What is confusing me is that a few of the Red listings (which require a directional antenna) are in the exact same location (distance and direction wise) as the green or yellow ones (which require a unidirectional antenna).
Why exactly is this?

In any case, based on this info and assuming I don't care about WTVE-DT, would I be able to use an indoor antenna at the distance above and if so can anyone recommend a brand?


----------



## Bierboy (Jun 12, 2004)

Perhaps because of different ERPs? That would be my only guess on why the different antenna types. But antennaweb.org has been know to be flakey in its recommendations.

Given you're so close to the towers, I would think the Zenith Silver Sensor would work well for you or a Rat Shack indoor antenna.


----------



## morac (Mar 14, 2003)

Thanks for the response. 
Both antennas say they are only for UHF channels. I'm assuming that would mean I'd need a separate antenna for NBC, ABC, CBS and WHYY-DT (PBS)?


----------



## Bierboy (Jun 12, 2004)

morac said:


> Thanks for the response.
> Both antennas say they are only for UHF channels. I'm assuming that would mean I'd need a separate antenna for NBC, ABC, CBS and WHYY-DT (PBS)?


They all look UHF to me. Check again closely...it's the frequency assignment that you're interested in, not the channel. All of my major networks are 4.1, 6.1, 8.1 and 18.1. But the first three have frequency assignments of 58.1, 56.1 and 38.1. I use a UHF only, and they come in like champs.


----------



## Adam1115 (Dec 15, 2003)

morac said:


> I'm looking at ATSC antennas for the S3, but I don't want to put something on my roof (as I'm in a townhouse I'm not even sure if I can do so).


1) No such thing as an ATSC antenna. A TV antenna is the same for NTSC or ATSC, just VHF and UHF.

2) You could put it in your attic? I've had GREAT success with that.


----------



## morac (Mar 14, 2003)

Bierboy said:


> They all look UHF to me. Check again closely...it's the frequency assignment that you're interested in, not the channel. All of my major networks are 4.1, 6.1, 8.1 and 18.1. But the first three have frequency assignments of 58.1, 56.1 and 38.1. I use a UHF only, and they come in like champs.

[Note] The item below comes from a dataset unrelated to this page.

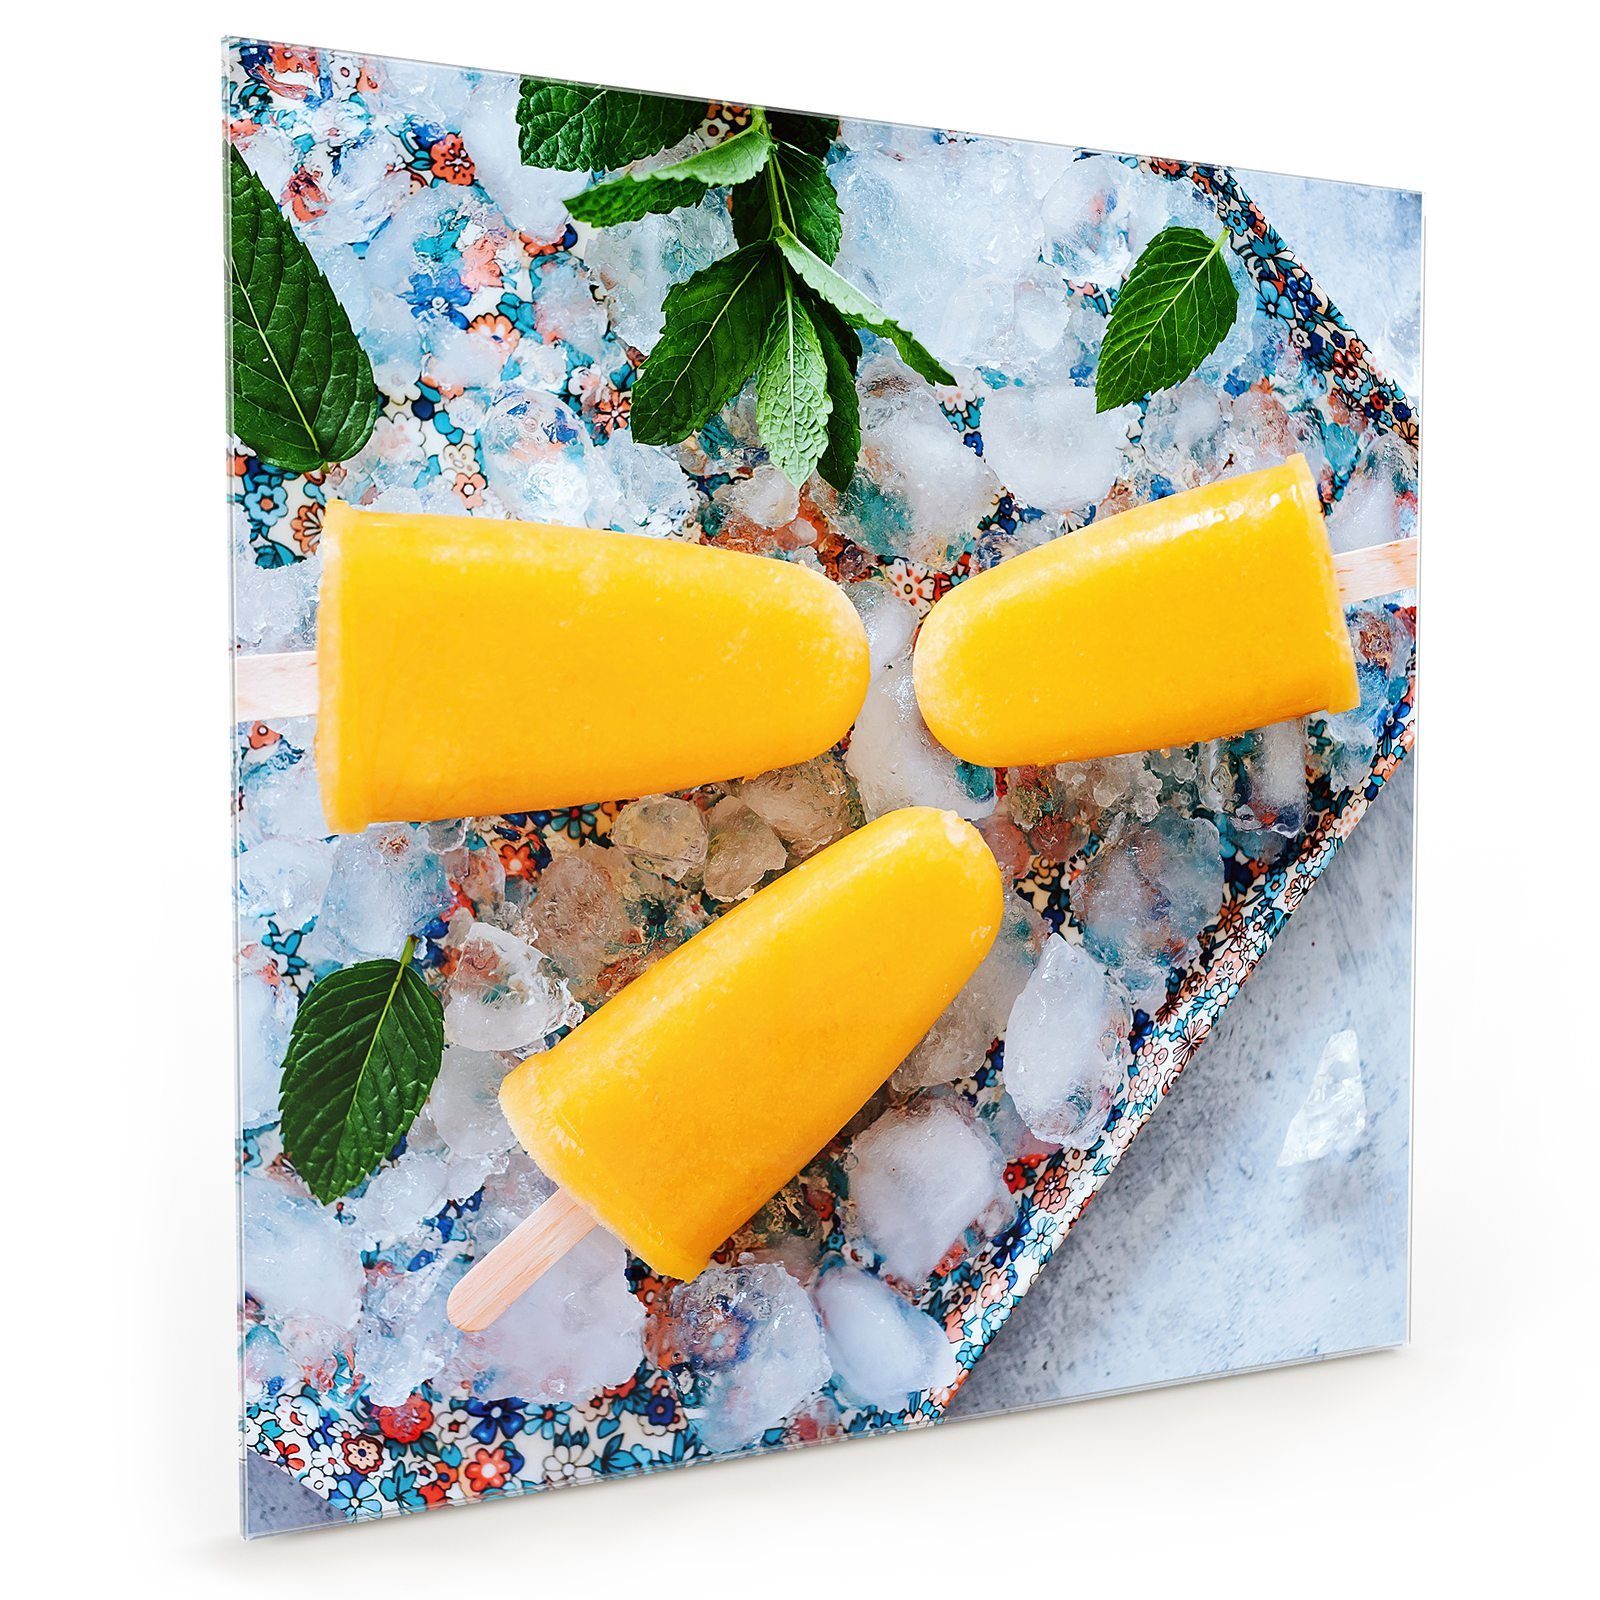 Primedeco Küchenrückwand Küchenrückwand Spritzschutz Bananen Mango Glas Eis Motiv mit

Duh, I just noticed the little UHF text on the left of all the channels so I guess they are all UHF. 

That's good since UHF signals can travel farther than VHF freqs without degrading.

I also found this site which doesn't recommend an indoor antenna for any station over 15 miles away. I guess I'll just have to see.


----------



## Bierboy (Jun 12, 2004)

morac said:


> Duh, I just noticed the little UHF text on the left of all the channels so I guess they are all UHF.
> 
> That's good since UHF signals can travel farther than VHF freqs without degrading.
> 
> I also found this site which doesn't recommend an indoor antenna for any station over 15 miles away. I guess I'll just have to see.


Yeah, but remember, they're trying to sell antennas


----------



## mattack (Apr 9, 2001)

antennae!


----------



## Jazhuis (Aug 30, 2006)

Bierboy said:


> Yeah, but remember, they're trying to sell antennas


Isn't that the truth. Before going the whole fancy antenna route, I bought a $7 Walmart Special set of rabbit ears just to see what I could get...and can pick up every station in my town. Admittedly, they're a bit closer, than your list (10-15 miles), but still.

I'd personally start with the cheapest antenna you can find, and see what you can get with that. Then start thinking about stepping up to something more if necessary.


----------



## btwyx (Jan 16, 2003)

morac said:


> I don't want to put something on my roof (as I'm in a townhouse I'm not even sure if I can do so).


You can, if your roof is your own. FCC regs don't allow your HOA to stop you. Putting the antenna outside is much better if you can manage it. I'm in a townhouse and the antenna is out on the back deck.


----------



## Runch Machine (Feb 7, 2002)

Go to amazon.com and order a Terk HDTVi which sells for $18.95. It's similar to the Zenith Silver Sensor. I've used them as far as 30 miles away and they work great. Don't buy any other Terk antenna, the rest of them are junk.


----------



## moyekj (Jan 24, 2006)

morac said:


> I also found this site which doesn't recommend an indoor antenna for any station over 15 miles away. I guess I'll just have to see.


 It's bologna. I'm 50+ miles from broadcast towers in Los Angeles and using a cheap ($20) indoor UHF amplified antenna facing out a window I pick up many channels very reliably.


----------



## TydalForce (Feb 9, 2006)

morac said:


> What is confusing me is that a few of the Red listings (which require a directional antenna) are in the exact same location (distance and direction wise) as the green or yellow ones (which require a unidirectional antenna).
> Why exactly is this?


I believe transmitter strength also comes into play. I'm in suburban Philly, about 9 miles from the towers, and have a very similar list of stations ;-)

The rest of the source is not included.